WHAT YOU ARE ASKED TO DO –
Restate word for word the lines of the records below, starting at the line that contains "Related Dashboard Examples" and ending at the line that contains "Volkswagen-Phaeton-2002 front seats", with both of those lines included and nothing else.

EXCERPTED RECORDS –
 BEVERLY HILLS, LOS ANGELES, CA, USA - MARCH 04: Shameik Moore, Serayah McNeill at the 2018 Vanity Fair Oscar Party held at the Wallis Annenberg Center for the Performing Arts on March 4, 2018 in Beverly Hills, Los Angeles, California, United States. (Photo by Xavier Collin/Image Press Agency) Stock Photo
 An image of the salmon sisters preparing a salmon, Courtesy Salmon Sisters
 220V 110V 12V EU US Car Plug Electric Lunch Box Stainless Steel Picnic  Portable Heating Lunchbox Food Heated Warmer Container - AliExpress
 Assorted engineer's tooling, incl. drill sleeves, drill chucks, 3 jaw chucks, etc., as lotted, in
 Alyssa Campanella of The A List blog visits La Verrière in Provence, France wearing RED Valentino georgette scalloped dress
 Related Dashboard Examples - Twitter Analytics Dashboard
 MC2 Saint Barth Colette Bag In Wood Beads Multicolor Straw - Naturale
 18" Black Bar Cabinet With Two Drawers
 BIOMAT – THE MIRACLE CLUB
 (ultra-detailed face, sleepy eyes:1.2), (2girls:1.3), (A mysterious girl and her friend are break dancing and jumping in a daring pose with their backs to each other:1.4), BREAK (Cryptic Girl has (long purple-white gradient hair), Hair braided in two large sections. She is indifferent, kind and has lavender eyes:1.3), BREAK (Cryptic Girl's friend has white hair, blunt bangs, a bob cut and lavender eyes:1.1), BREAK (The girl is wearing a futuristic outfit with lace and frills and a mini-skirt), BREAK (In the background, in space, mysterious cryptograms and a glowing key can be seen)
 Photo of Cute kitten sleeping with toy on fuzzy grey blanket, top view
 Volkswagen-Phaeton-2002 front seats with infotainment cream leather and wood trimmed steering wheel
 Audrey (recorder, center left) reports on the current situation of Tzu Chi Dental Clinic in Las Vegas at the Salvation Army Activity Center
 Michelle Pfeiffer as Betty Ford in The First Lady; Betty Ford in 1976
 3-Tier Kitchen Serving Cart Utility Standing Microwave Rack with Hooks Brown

OUTPUT OF THE TASK –
 Related Dashboard Examples - Twitter Analytics Dashboard
 MC2 Saint Barth Colette Bag In Wood Beads Multicolor Straw - Naturale
 18" Black Bar Cabinet With Two Drawers
 BIOMAT – THE MIRACLE CLUB
 (ultra-detailed face, sleepy eyes:1.2), (2girls:1.3), (A mysterious girl and her friend are break dancing and jumping in a daring pose with their backs to each other:1.4), BREAK (Cryptic Girl has (long purple-white gradient hair), Hair braided in two large sections. She is indifferent, kind and has lavender eyes:1.3), BREAK (Cryptic Girl's friend has white hair, blunt bangs, a bob cut and lavender eyes:1.1), BREAK (The girl is wearing a futuristic outfit with lace and frills and a mini-skirt), BREAK (In the background, in space, mysterious cryptograms and a glowing key can be seen)
 Photo of Cute kitten sleeping with toy on fuzzy grey blanket, top view
 Volkswagen-Phaeton-2002 front seats with infotainment cream leather and wood trimmed steering wheel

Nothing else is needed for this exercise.